The directory structure for the HDF5 and audio files should mirror that of the Yeah DoubleTalk repository available on DataStore in the folder PlanArt/DoubleTalk. The data can be copied to a local folder to speed up access. Only the data in the ’ema’ and ‘audio’ directories are required, so a copy of the other data files under directories containing the word ‘chunk’ or ‘textgrid’ are not needed.
Directory Structure
The HDF5 and audio files are arranged in a directory structure similar to these examples:
\R0033_cs5\ema
\R0033_cs5\audio
Where the parent directory is composed of “R00” + Recording number + “_” + Speaker I.e. in the above example, R0033_cs5, the “Recording number” is 33 and the “Speaker” is cs5
EMA datafile name
The filename for the HDF5 ema data files have a similar structure to this example:
R0033_cs5_jaw_0026.h5
Where the filename is composed of ‘R00’ + Recording number + ‘_’ + Speaker + ‘_’ + Sensor + ‘_’ + File Number + ‘.h5’ I.e. in the above example, R0033_cs5_jaw_0026.h5, the “Recording number” is 33, the “Speaker” is cs5, the “Sensor” is jaw and the “File Number” is 26
Audio file name
The filename for the audio files has a similar structure to the ema data files, but a sensor name is not required:
R0033_cs5_0026.wav
Where the filename is composed of ‘R00’ + Recording number + ‘_’ + Speaker + ‘_’ + File Number + ‘.wav’ I.e. in the above example, R0033_cs5_0026.wav, the “Recording number” is 33, the “Speaker” is cs5, and the “File Number” is 26
Columns in the data spreadsheet
These are the required and optional columns used in the spreadsheet for DoubleTalk data. The columns can be arranged in any order within the spreadsheet. Other columns may also be present, if the extra column name is not used for outputting data then it will be ignored.

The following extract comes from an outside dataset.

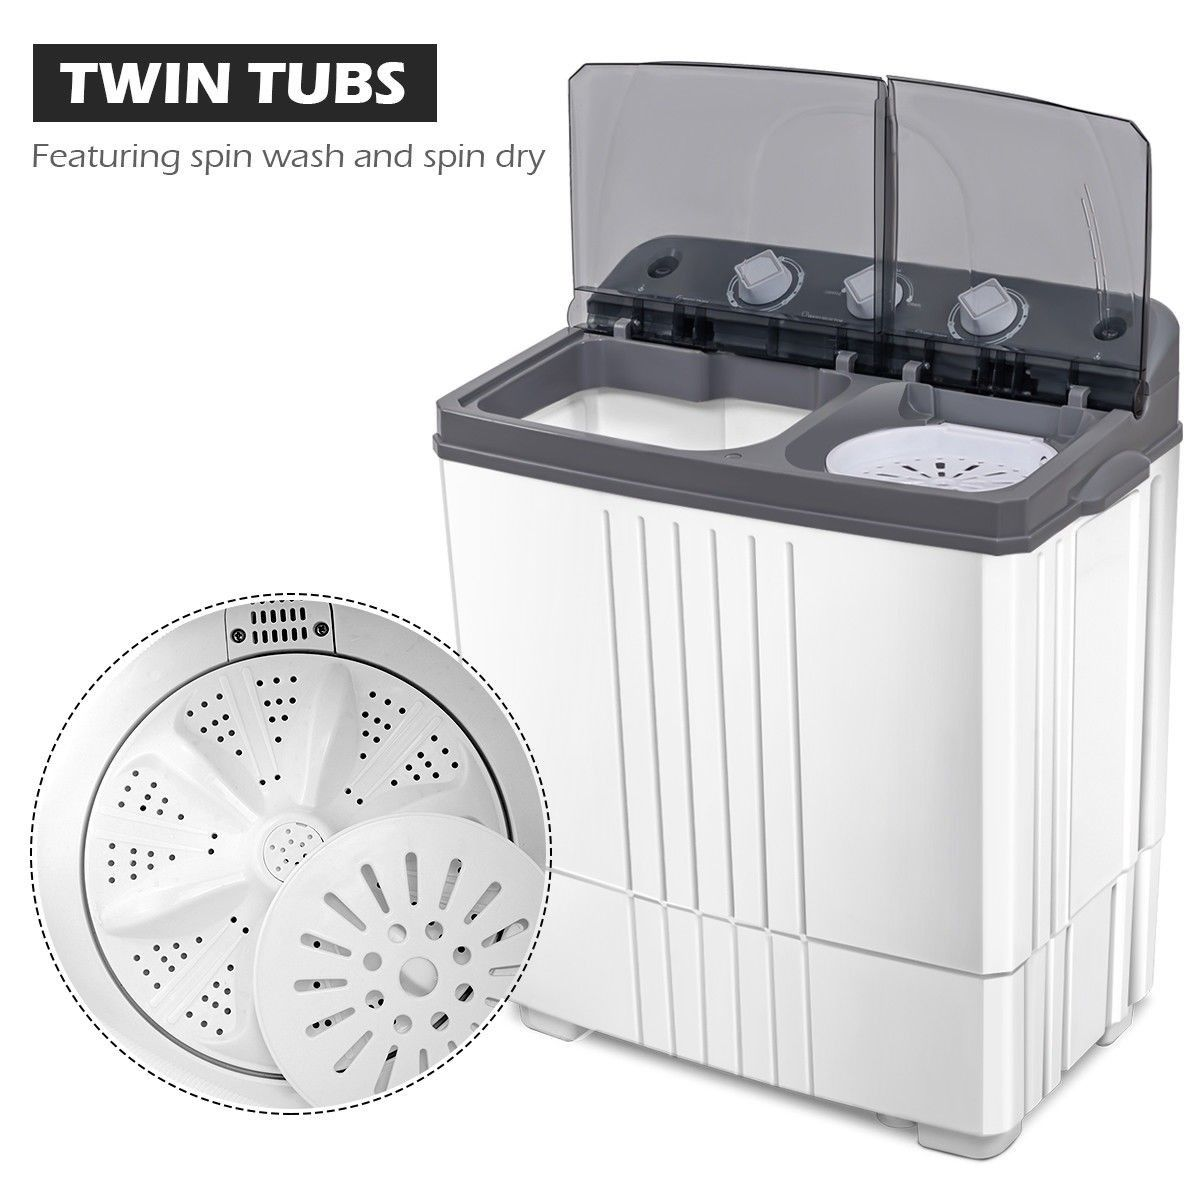 Twin Tub Portable Mini Washing Machine Twin Tub Mini Washing

For an example of the required and optional columns see the DoubleTalk-example-data-spreadsheet.xlsx
Required Columns
| Column Name |
Description
|
Type |
|---|---|---|
| RecNo | Recording Number for the experiment. e.g. for experiment R0033 the recording number would be 33 | number |
| Speaker | The subject speaking in the experiment. This will be either cs5 or cs6. Only the last 3 characters are used, i.e. ‘2cs5’ will be taken as ‘cs5’ | text |
| File Number | The file number within the given experiment | number |
| Beg | The time in seconds when the item starts within the data file | number |
| End | The time in seconds when the item ends within the data file | number |
Optional Columns
|
Column Name
|
Description
|
Type
|
|---|---|---|
| A_Offset_Time | The time in seconds when the first movement ‘A’ ends within the data file. If this column is omitted then the items will be assumed to have only one movement | number |
| B_Onset_Time | The time in seconds when the second movement ‘B’ starts within the data file. This can be left blank if the B movement starts immediately after, or overlaps with, the proceeding A movement. If this column is omitted then the items will be assumed to have only one movement | number |
HDF5 EMA data file format
Each HDF5 ema data files contains the carstens x, y an z axis position data gathered for one sensor. The HDF5 container structure has as single dataset ‘/position’ which is an array of floating point numbers containing the position data for the 3 axis.